Perhaps you knew that you shouldn’t be with him because you were sure that he wasn’t good for you, but you couldn’t help yourself and you couldn’t stay away from him no matter how much you told yourself that you should forget about him. The chemistry and energy that you feel in these types of relationships can be extremely explosive, yet short term.
It is usual, in these situations, to hear the judgment and doubts of other people around you. Your friends and family may tell you that this person isn’t good for you and that you should find someone who treats you better, but this can make you act oppositely and can serve to only strengthen the appeal that this man has for you.
Women who feel threatened or low in confidence often look for tough guys as they hope they will protect them from those outside forces. These men ignore social norms and are fast to jump from being frustrated to arguing. This aggression is something that attracts women who are looking for someone to protect them from the world.
They want someone by their side who is strong and brave enough to face others and fight if needed. Usually, these types of women feel the protection of a tough guy and his aggressive tendencies. However, it is important to remember that these types of men may not always be loyal or as protective over you as you think he may be.
Some women are into men who they think they can change for the better. Nice guys don’t need changing so aren’t attracted to these types of women. Some women prefer a guy that needs a bit of work and isn’t quite perfect. She looks for someone that is interesting but will need her to use her skills and charm to get him to a place she wants him to be.
Bad guys don’t usually settle into anything other than short term relationships. But some women prefer having to convince a man to commit to her as it can feel like it’s a big achievement when he does. You think that if you can convince him to stay with you you have accomplished something and won a type of price.

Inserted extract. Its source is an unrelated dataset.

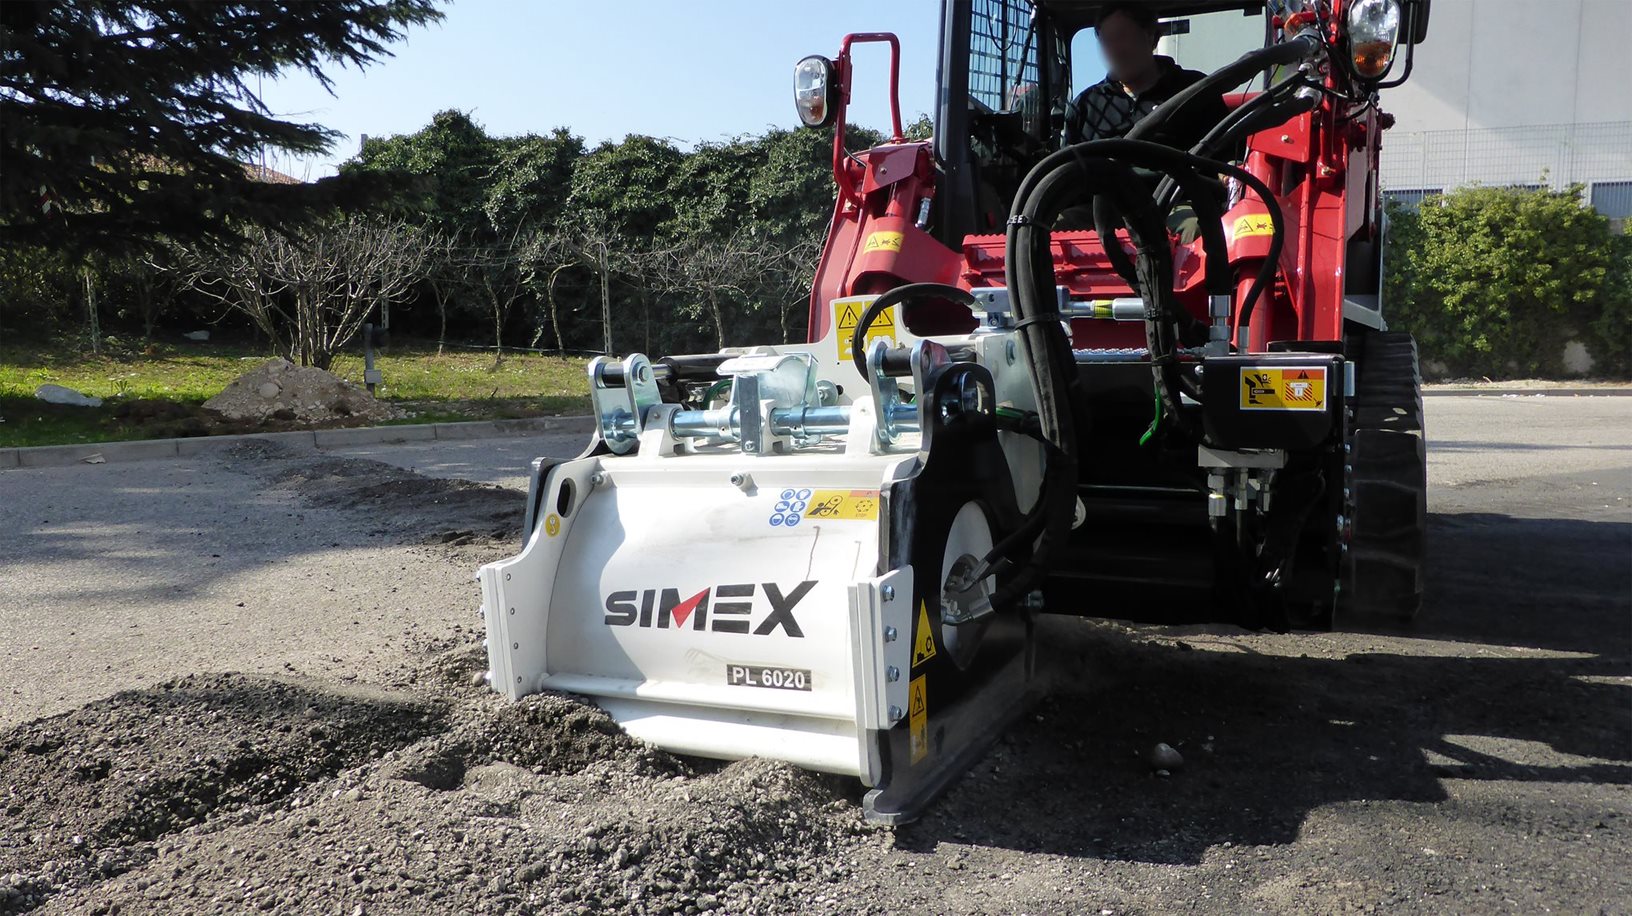 Simex PL 60.20 Straßenfräse, selbstnivellierend, bestens geeignet zum Abfräsen von unebenem Asphalt zwecks Sanierung beschädigter Oberflächen.

However, this is not a healthy way to look for a partner and is a mere reflection of negative societal pressures and the search for validation. This is why some girls look for bad boys who they believe need their lives turning around. Some women think that they can cause this change in a man’s life and if they succeed they have accomplished something great.
It is often the case that girls convince themselves that their new man is different from all of the other guys that they dated in the past. This one is different from all of the others. Some women may be so kind and caring that they cannot see or believe that he is truly a bad person. However, this is a dangerous belief and can lead you into an unhealthy situation.
It may also be the case that women with a negative childhood experience can turn to bad boys as they never grow out of the desire to change that person into a loving one. Rather than looking at our family members to project these feelings, we turn to a man instead.
It is likely that most women have, at some point in their life, dated a bad guy. You may well have convinced yourself that this one will be different from all of the rest, his tough nature will protect you or you can change him for the better.